When it comes to risks, Medical Properties Trust has too many to name. Besides their largest and most troubled tenant, Steward, many may have forgotten about their tenant issues with Prospect Medical Holdings. The REIT entered into a recapitalization plan to defer rent payments until June.

While they were current on all rent and interest as of the fourth quarter, with interest rates likely remaining higher for longer, this may continue to put stress on Prospect, making it harder to remain current on rent payments. If so, this will certainly impact MPW’s financials in the coming quarters, and ultimately force them to cut or eliminate the dividend in the foreseeable future. This, along with their tenant troubles is something I will be keeping a close eye on going forward.

Bottom Line

MPW faced a lot of headwinds in 2023 with tenants Steward Health and Prospect Medical Holdings. Here we are in 2024 and these continue on. The REIT has been making a concerted effort to improve its liquidity to satisfy upcoming debt maturities and plans to reach $2 billion of allocated capital in 2024. One way to achieve this may be to make the decision to eliminate the dividend or cut again which I think is a high probability.

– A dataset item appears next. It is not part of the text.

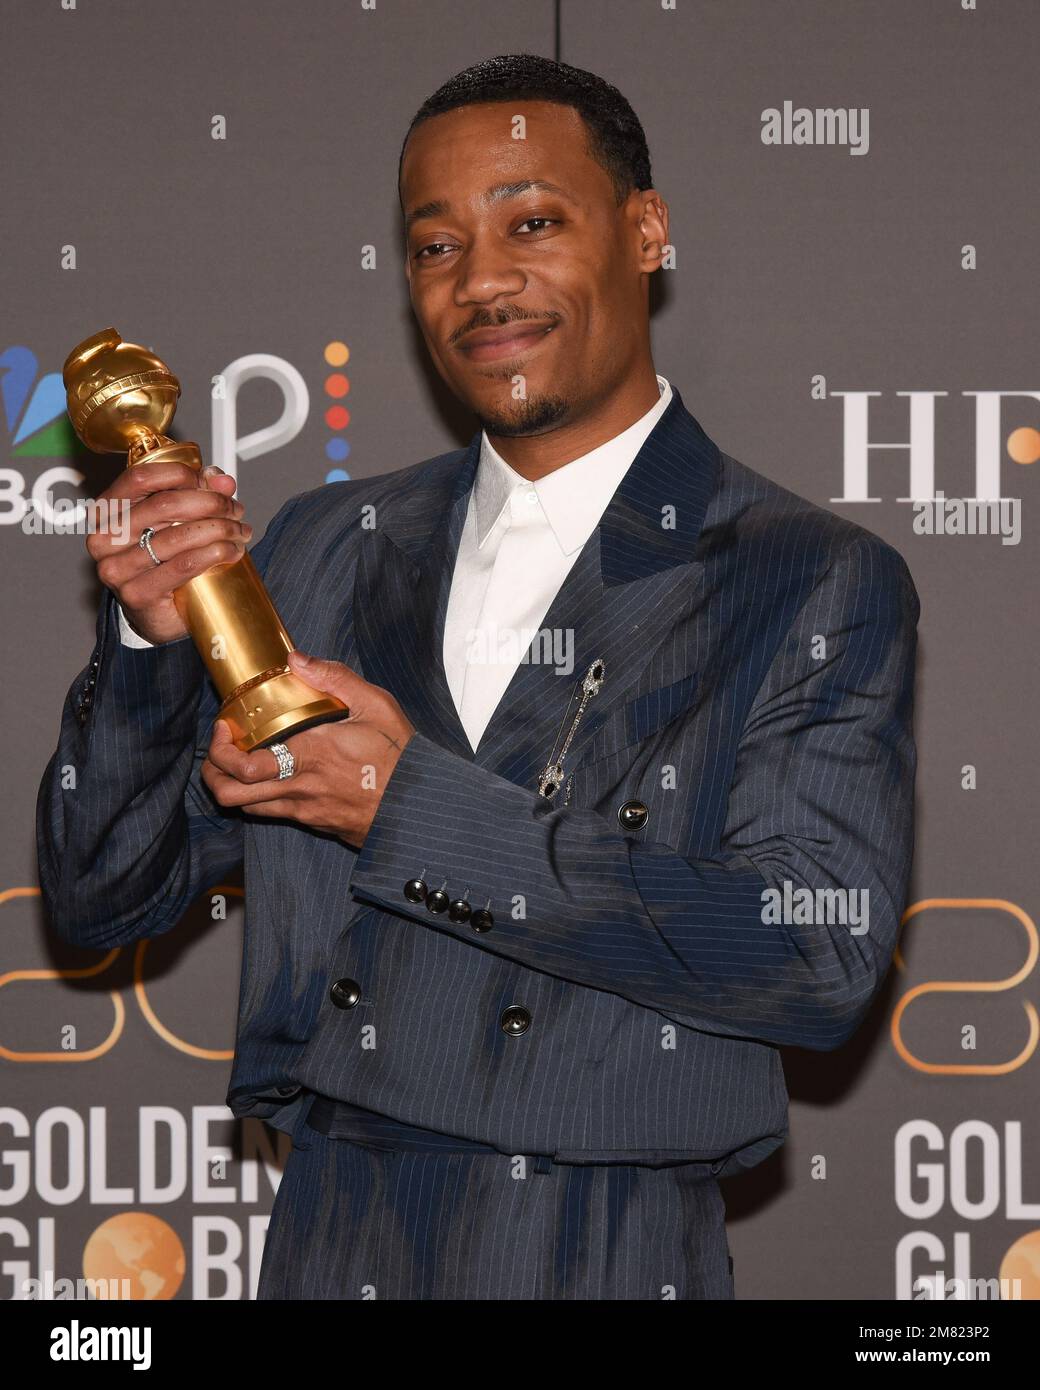 January 10, 2023, Beverly Hills, California, USA: TYLER JAMES WILLIAMS with  his Golden Globe award for best supporting actor in a musical, comedy or  drama for his role in Abbott Elementary. (Credit
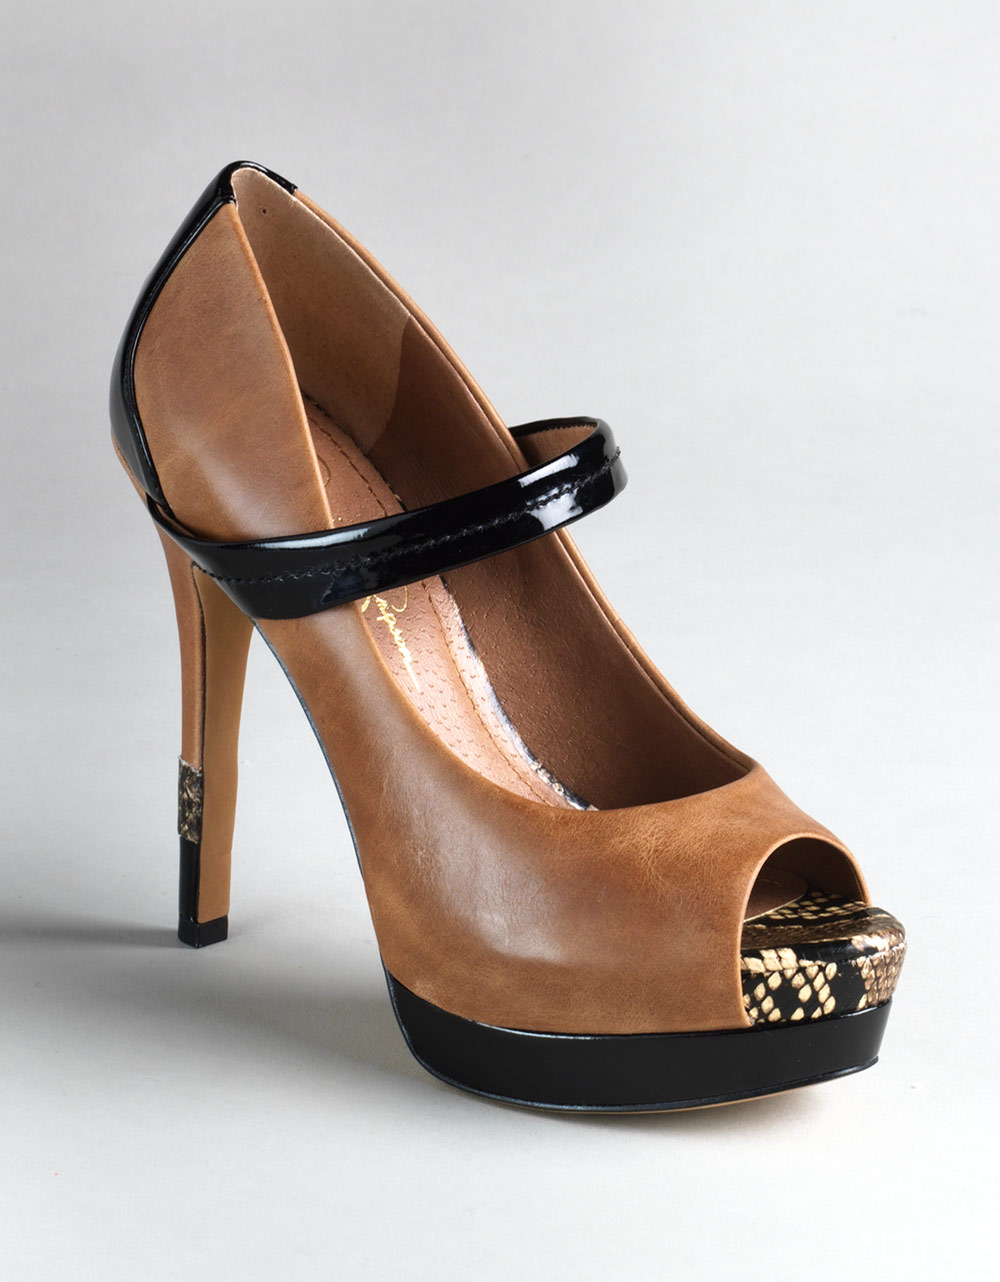 Jessica Simpson Ely Leather Stiletto Pumps in Brown - Lyst

Additionally, their net debt-to-EBITDA has continued to climb year-over-year to 6.9x, and with rates likely to remain higher for longer, this will only continue to place more downward pressure on the company going forward. Due to their continued headwinds, vagueness from management on the company’s future going forward, and highly leveraged balance sheet, I continue to rate the REIT a strong sell and one investors should avoid.